** EXERCISE OBJECTIVE **
Type out the complete listing below word for word, without its pictures.

** PROVIDED DATA **

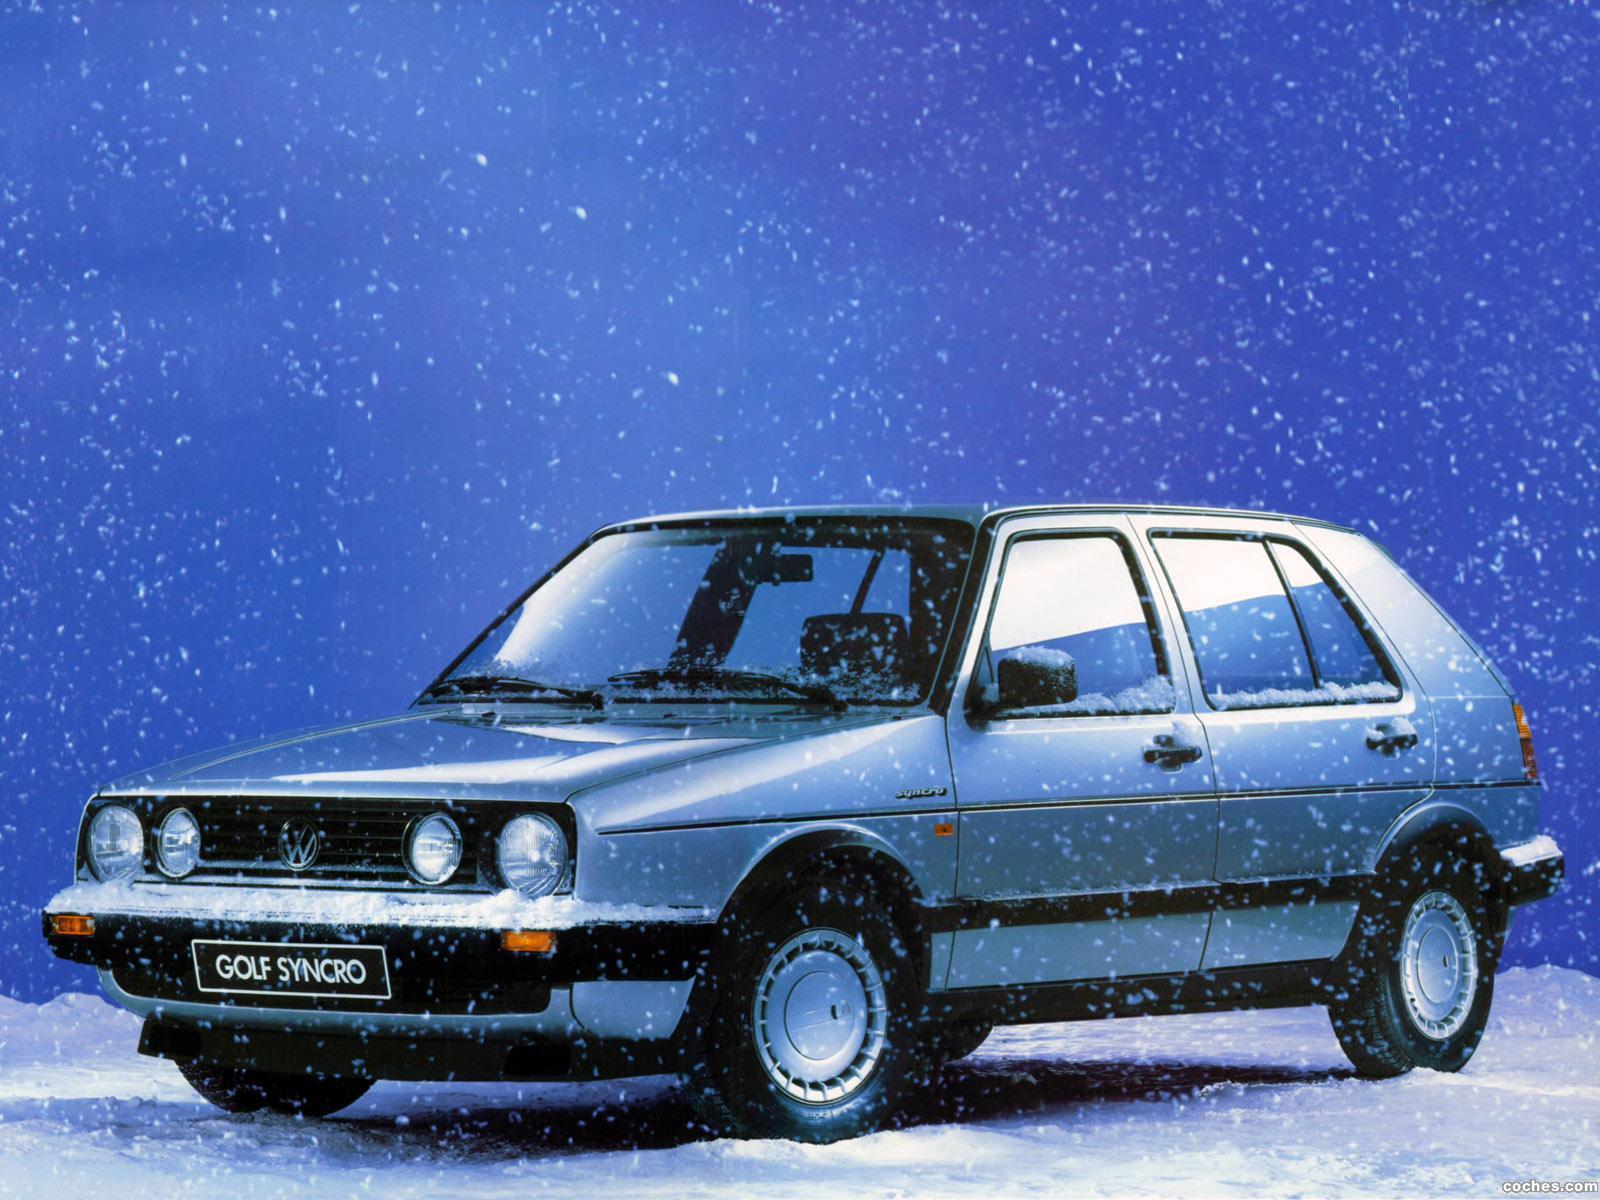 Foto 0 de Volkswagen Golf GT Syncro 5 Puertas 1987
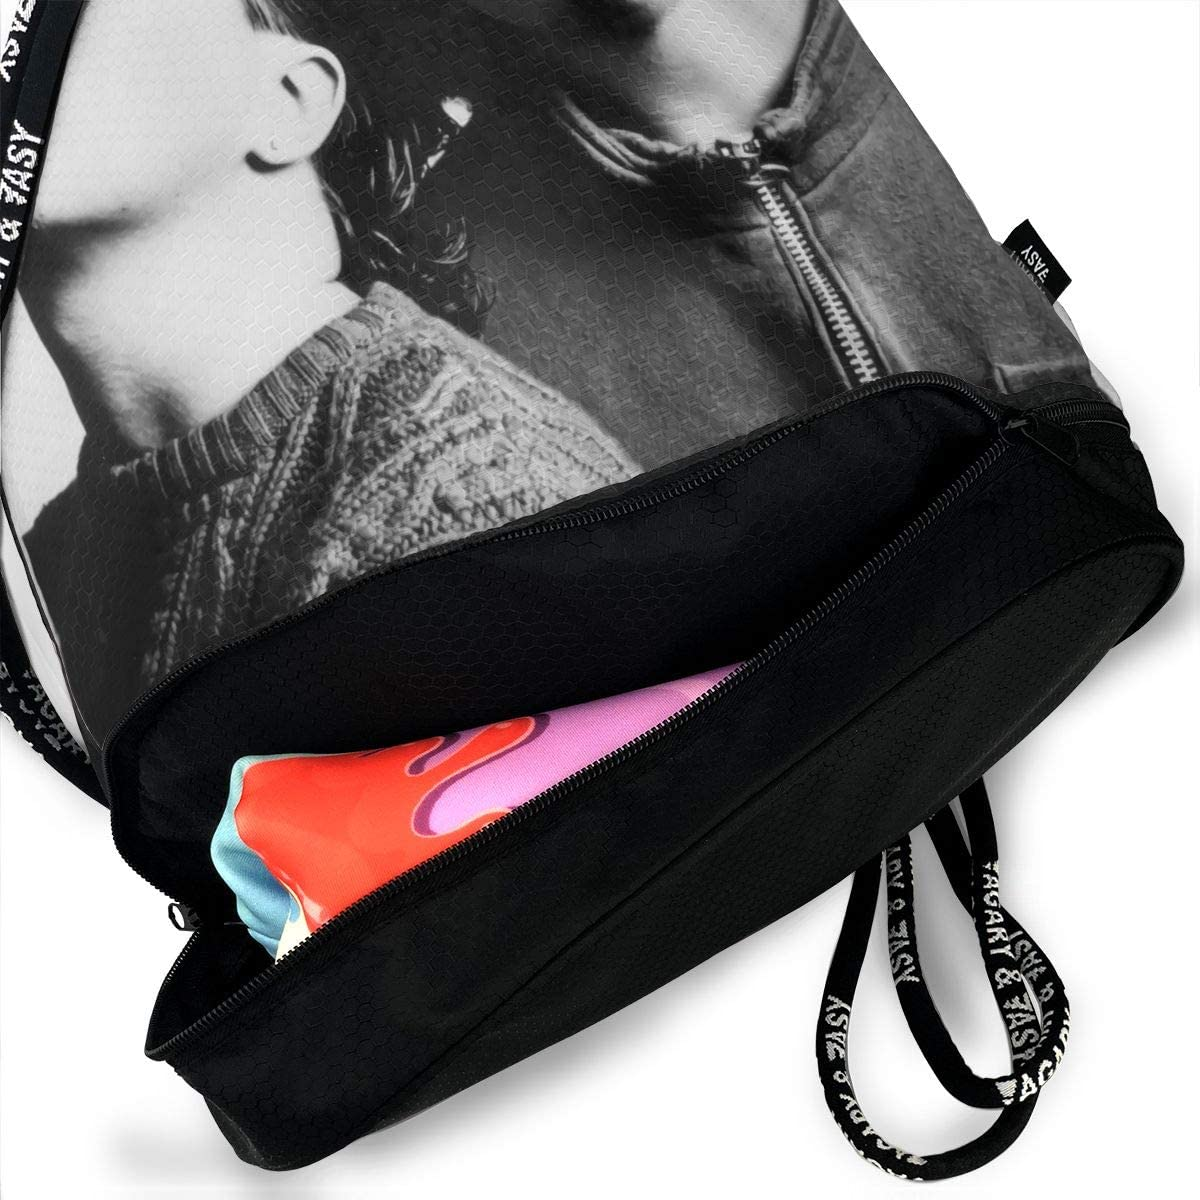 Thomas C Gaona Tears for Fears Original Shoulder Bag Drawstring Backpack Beam Mouth Single Pocket Outdoor Shopping Bag Backpack
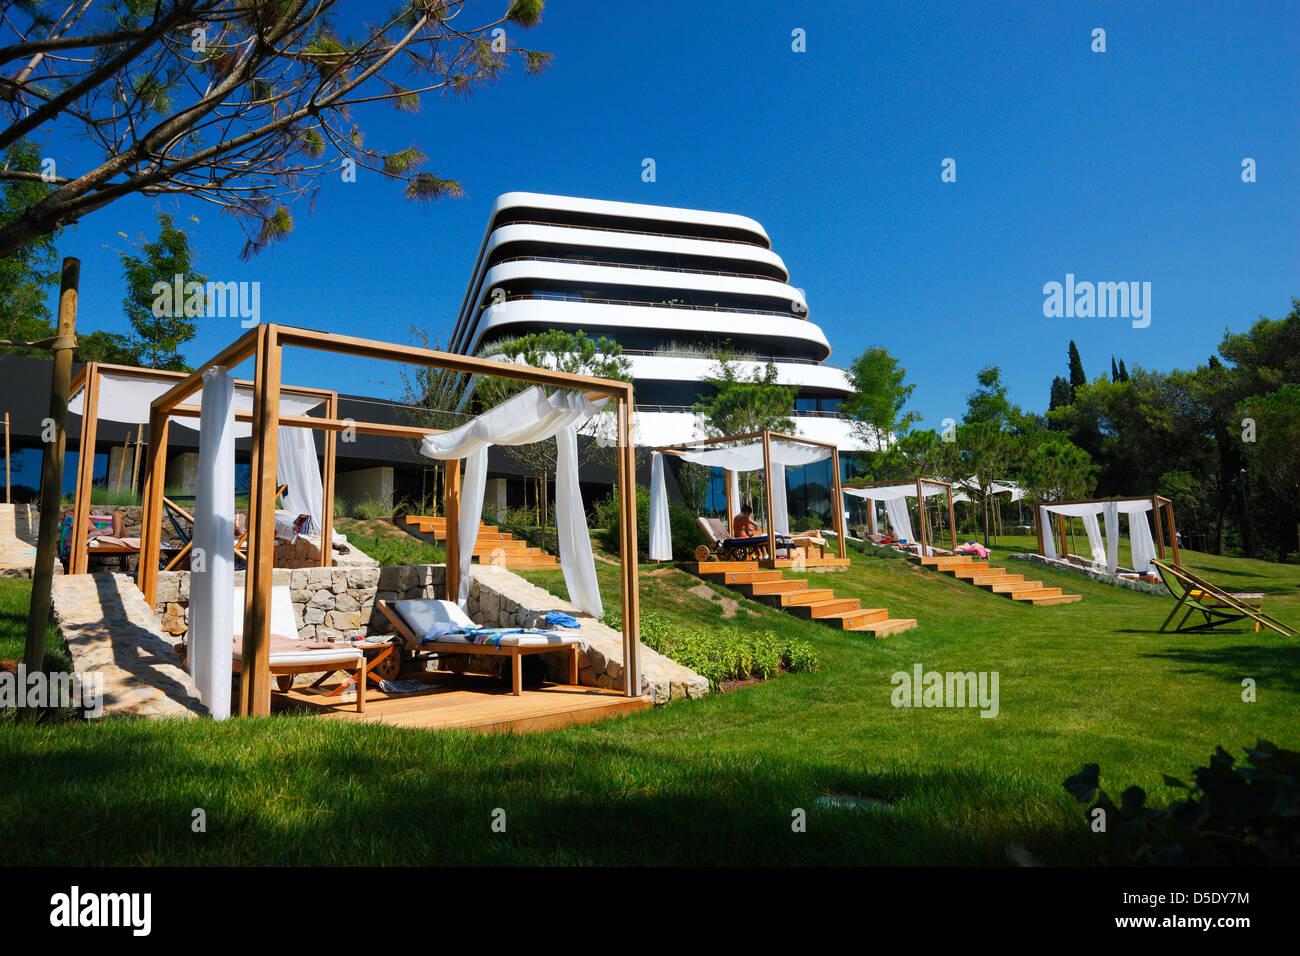 Hotel lone in rovinj croatia stock photo 55011144 alamy hotel lone in rovinj croatia sisterspd

** SOLUTION **
 Foto 0 de Volkswagen Golf GT Syncro 5 Puertas 1987
 Thomas C Gaona Tears for Fears Original Shoulder Bag Drawstring Backpack Beam Mouth Single Pocket Outdoor Shopping Bag Backpack
 Hotel lone in rovinj croatia stock photo 55011144 alamy hotel lone in rovinj croatia sisterspd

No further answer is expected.